## TASK DIRECTIONS
Please return the listing below exactly, without any of its pictures.
SOURCE DATA: Begin
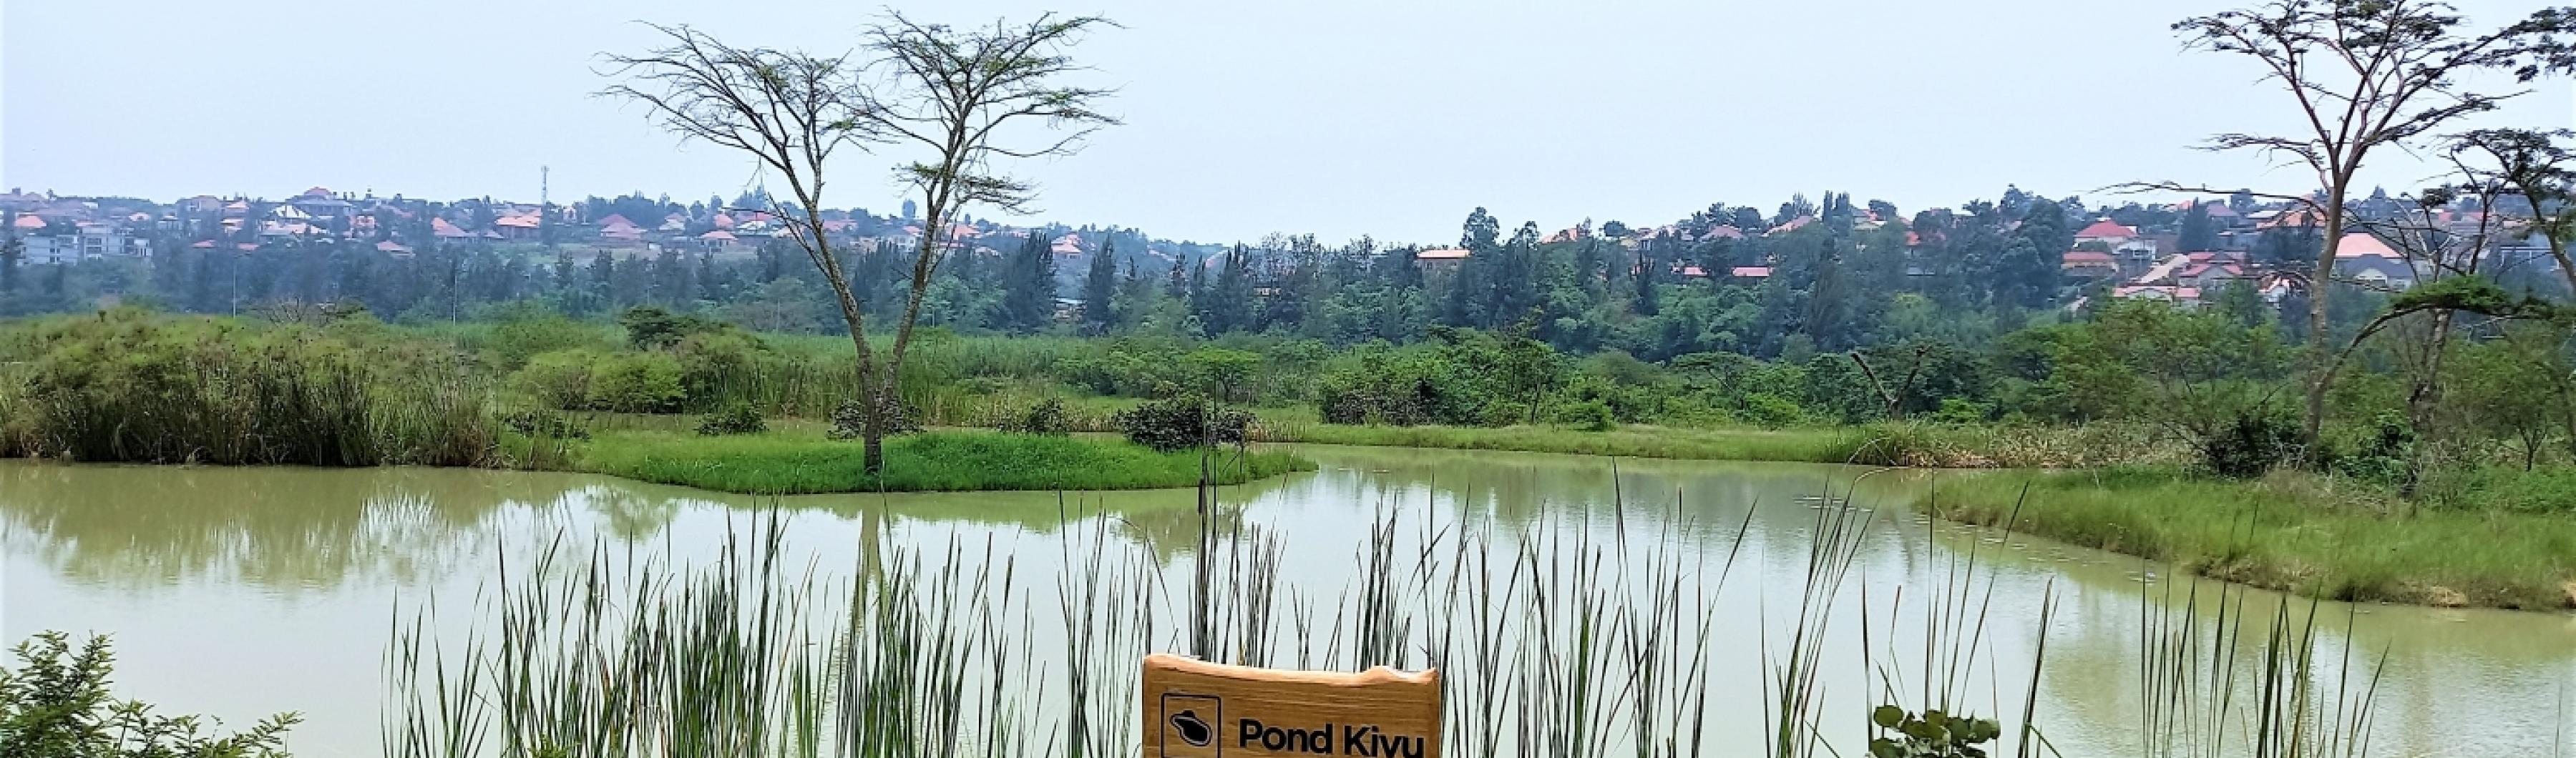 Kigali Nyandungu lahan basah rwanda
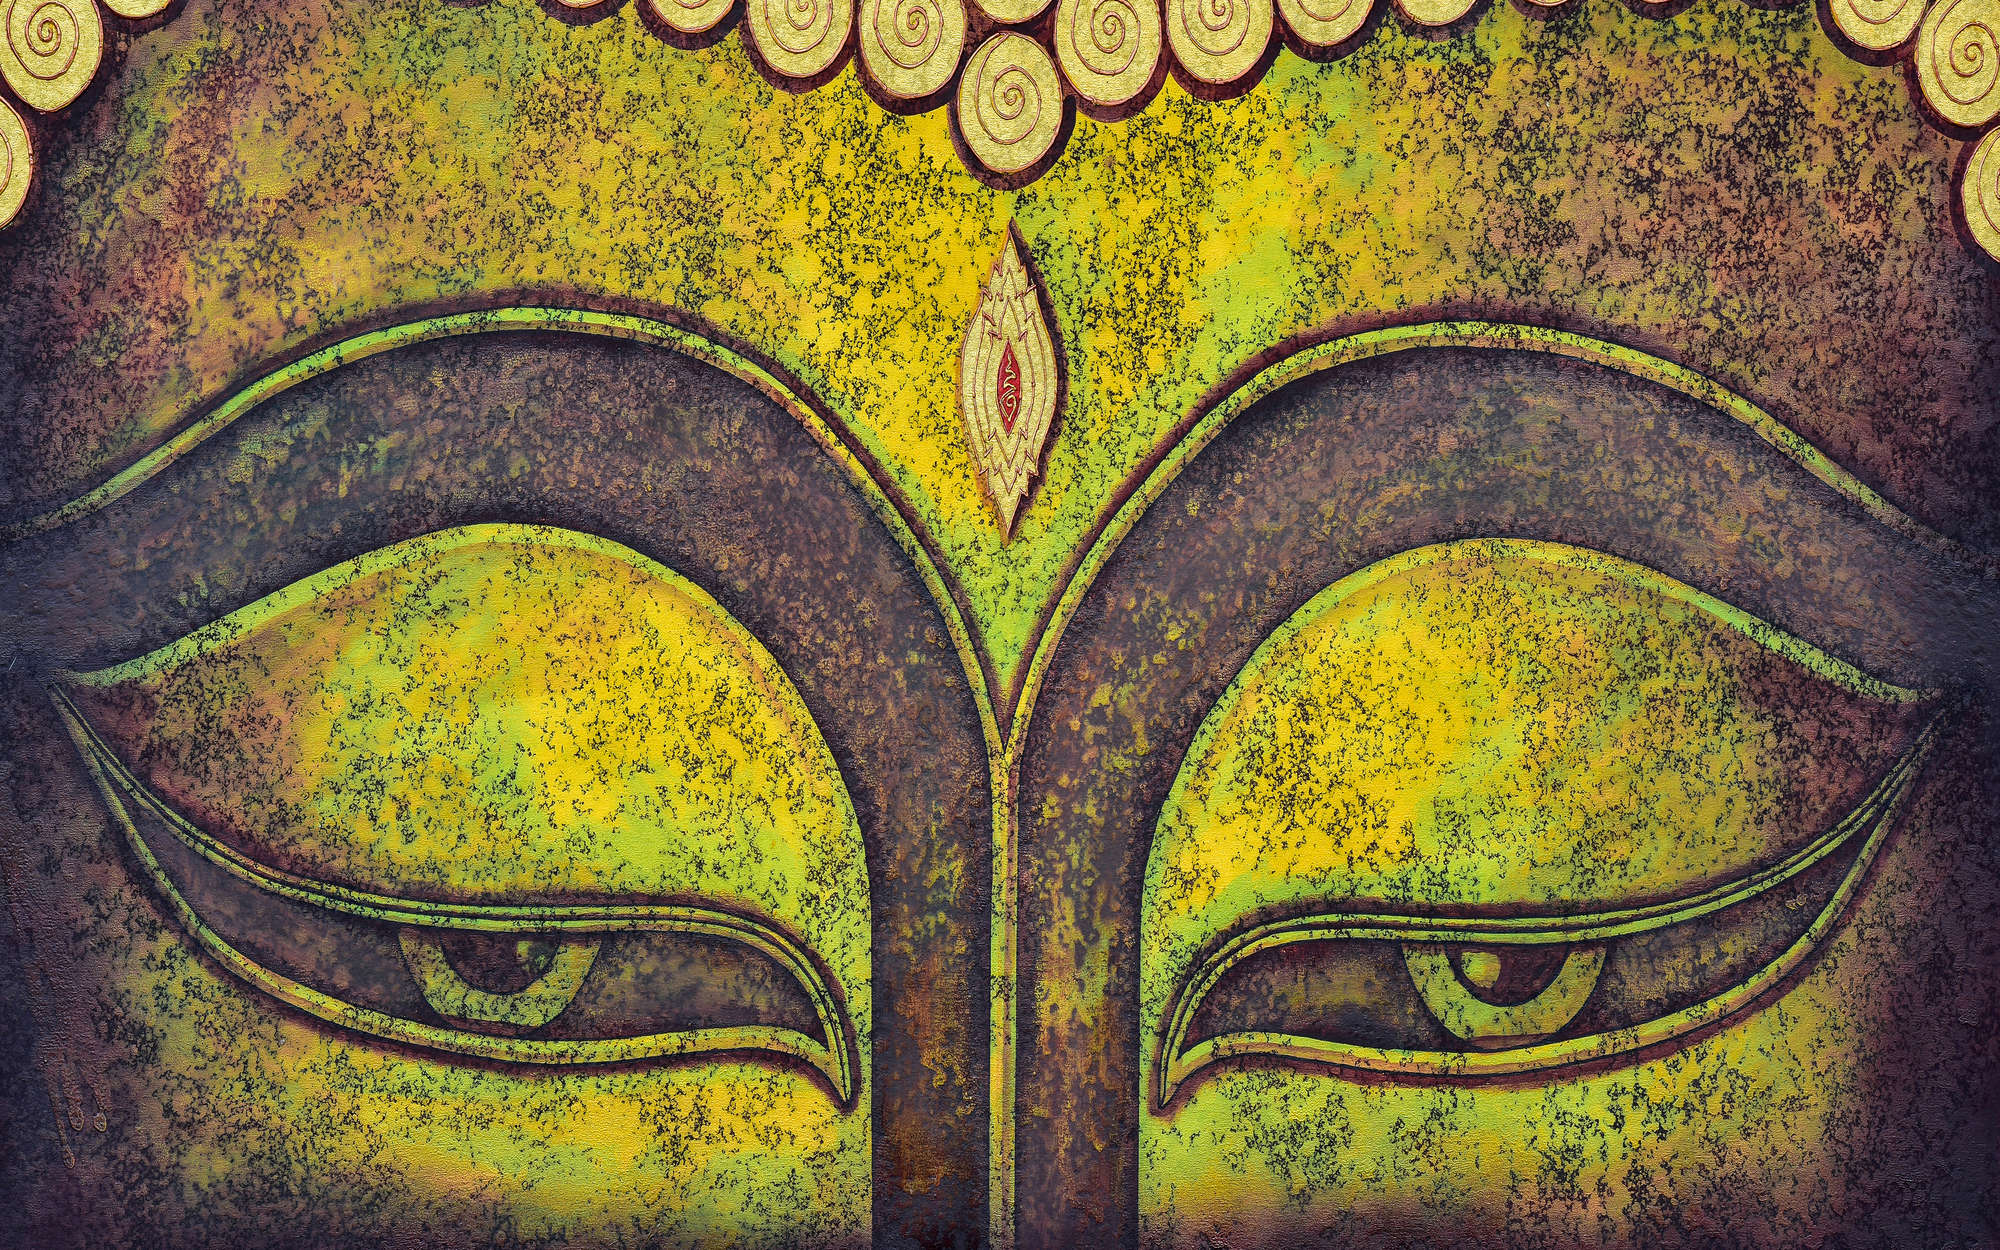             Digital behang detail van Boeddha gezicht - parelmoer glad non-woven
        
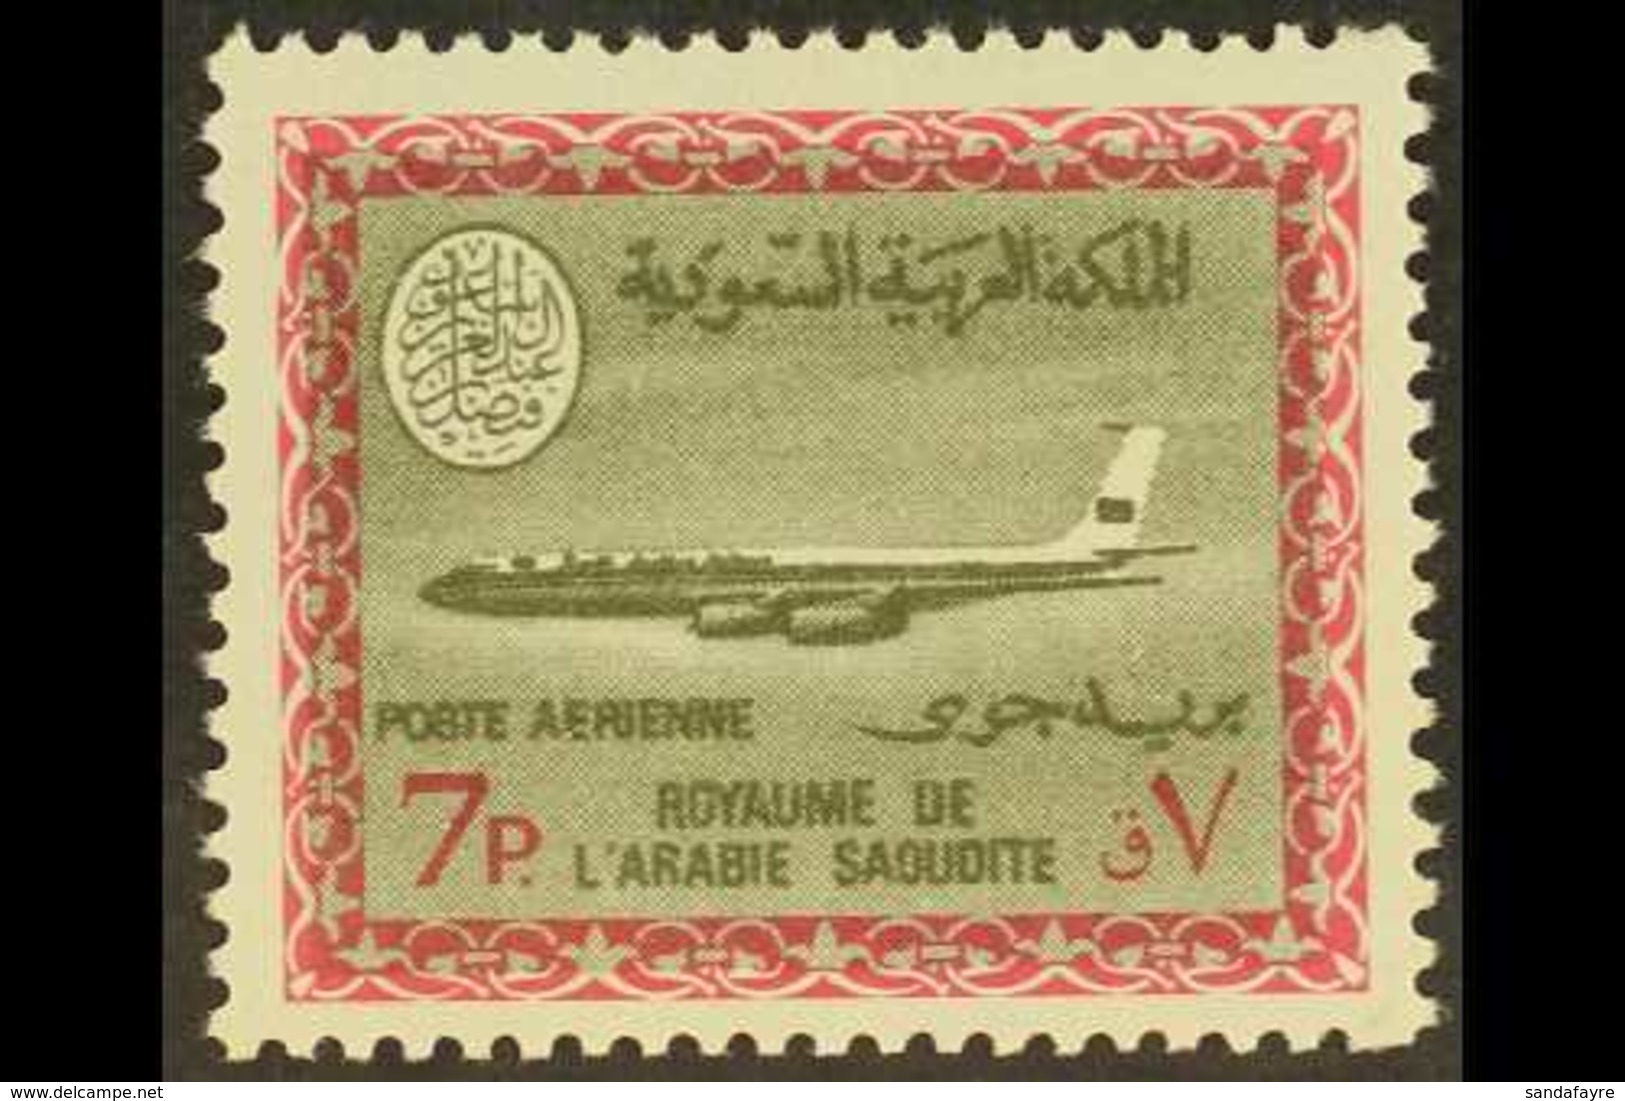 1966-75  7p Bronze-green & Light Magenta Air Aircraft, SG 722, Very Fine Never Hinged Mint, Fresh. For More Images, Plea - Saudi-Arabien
SOURCE DATA: End
## RESULT BELOW
 Kigali Nyandungu lahan basah rwanda
             Digital behang detail van Boeddha gezicht - parelmoer glad non-woven
        
 1966-75  7p Bronze-green & Light Magenta Air Aircraft, SG 722, Very Fine Never Hinged Mint, Fresh. For More Images, Plea - Saudi-Arabien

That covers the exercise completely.